An Arizona Capitol Times reporter provides a mid-week update on news from the Arizona State Legislature.
Ted Simons: Good evening. Welcome to "Arizona Horizon." I'm Ted Simons. A state Senate committee hears bills that target public unions and some once dead immigration bills are back in the state capitol. Here with the latest in our weekly legislative update is Jim Small of the Arizona Capitol Times.
Jim Small: The Senate government and reform committee met today and they considered four anti-public union bills, going after unions for, you know, government employees, state, city, county, and municipality. The idea is basically to try to take away power. The critics like the Goldwater Institute who is pushing these bills says the public unions in Arizona have too much power and cost taxpayers too much money.
Ted Simons: Basically we're talking no collective bargaining negotiations. Just zippo.
Jim Small: Right. One of the bills would have the effect of basically banning collective bargaining, banning governments from entering into collective bargaining agreements with any unions. While that may not affect the state, which doesn't do that with any of its public employee unions, it would impact cities and towns and some counties who have these agreements with their cops and firefighters.

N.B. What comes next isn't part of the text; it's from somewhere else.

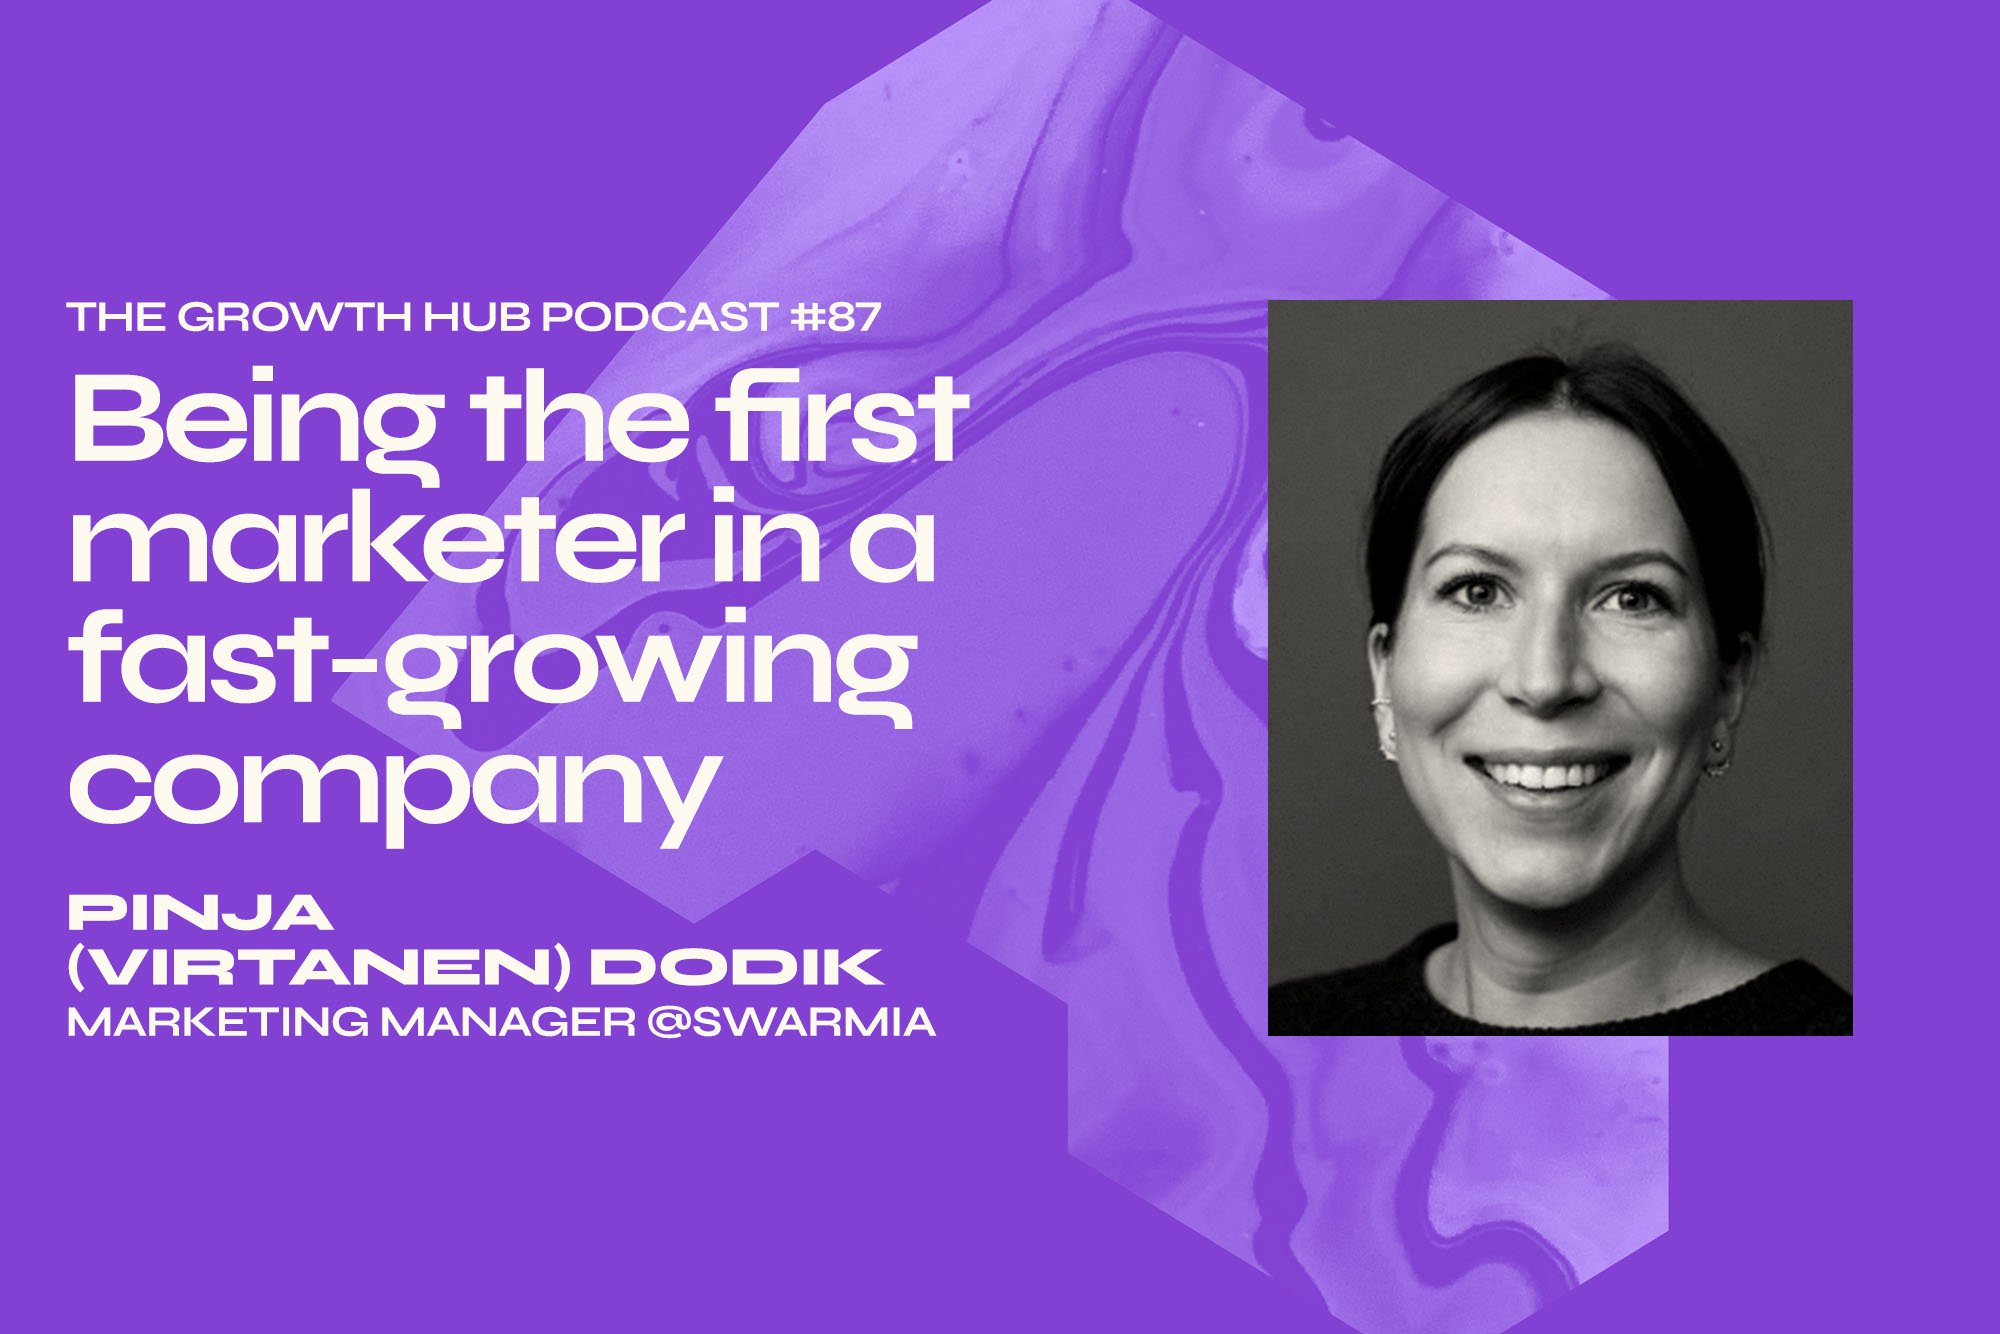 [Podcast] Being the First Marketer in a Fast-Growing Company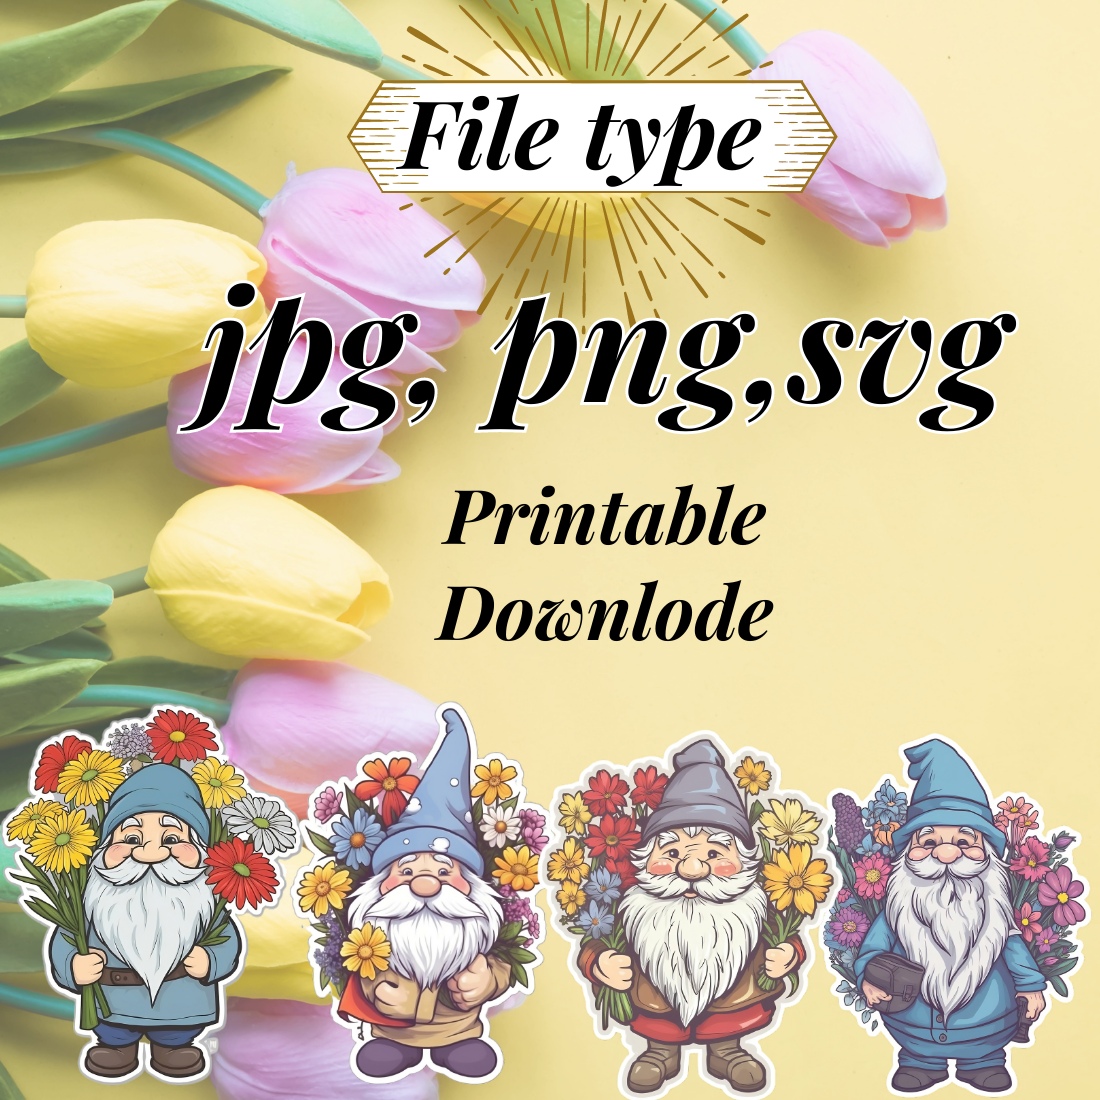 "Springtime Delight: An Illustrated Gnome Holding a Bouquet Sticker" preview image.

Ted Simons: This is because the proponents say unions are driving up the cost of operating government and they are also saying -- do we have testimony on this? That union workers, public workers are compensated and paid more than those doing equal work in the private sector? There was some talk of this.
Jim Small: That's one of the arguments that the proponents said. Government employees make something like $140,000 annually a year. That takes into not just their salary but also their benefit package and retirement package and vacation package and other time off. So combined when you take that and you work the numbers to say that the analogs in the private sector make far less than this.
Ted Simons: It's interesting because the other side says it's union busting and they say folks in the public sector don't make the kind of income that the private sector does but they use compensation to help make up the difference.
Jim Small: And that's the difference. Little bit of an apples and oranges thing. Total compensation package versus salary. The salary for police officers and firefighters may not be dramatically greater than in the private sector.
Ted Simons: This sounds like it could be a real donnybrook. How far could this go through the legislature, how far on the governor's desk?
Jim Small: No reason it couldn't get to the governor's desk. You have a supermajority of Republicans that control both chambers of the legislature. You have a super conservative governor. That's been popular in Republican circles for a while now. It's interesting to see if they will get traction. Couple of the bills have been around for a while, union dues, have existed in the past and they haven't gotten to Governor Brewer's desk. This might be the year. We'll see. The one thing to note, it is an election year and you're talking about going after the public employee unions that have the most political clout in the firefighters and police. I imagine that will give some Republicans pause.
Ted Simons: Steve Smith is pushing a couple of immigration bills seemingly similar to those that didn't make it last time around.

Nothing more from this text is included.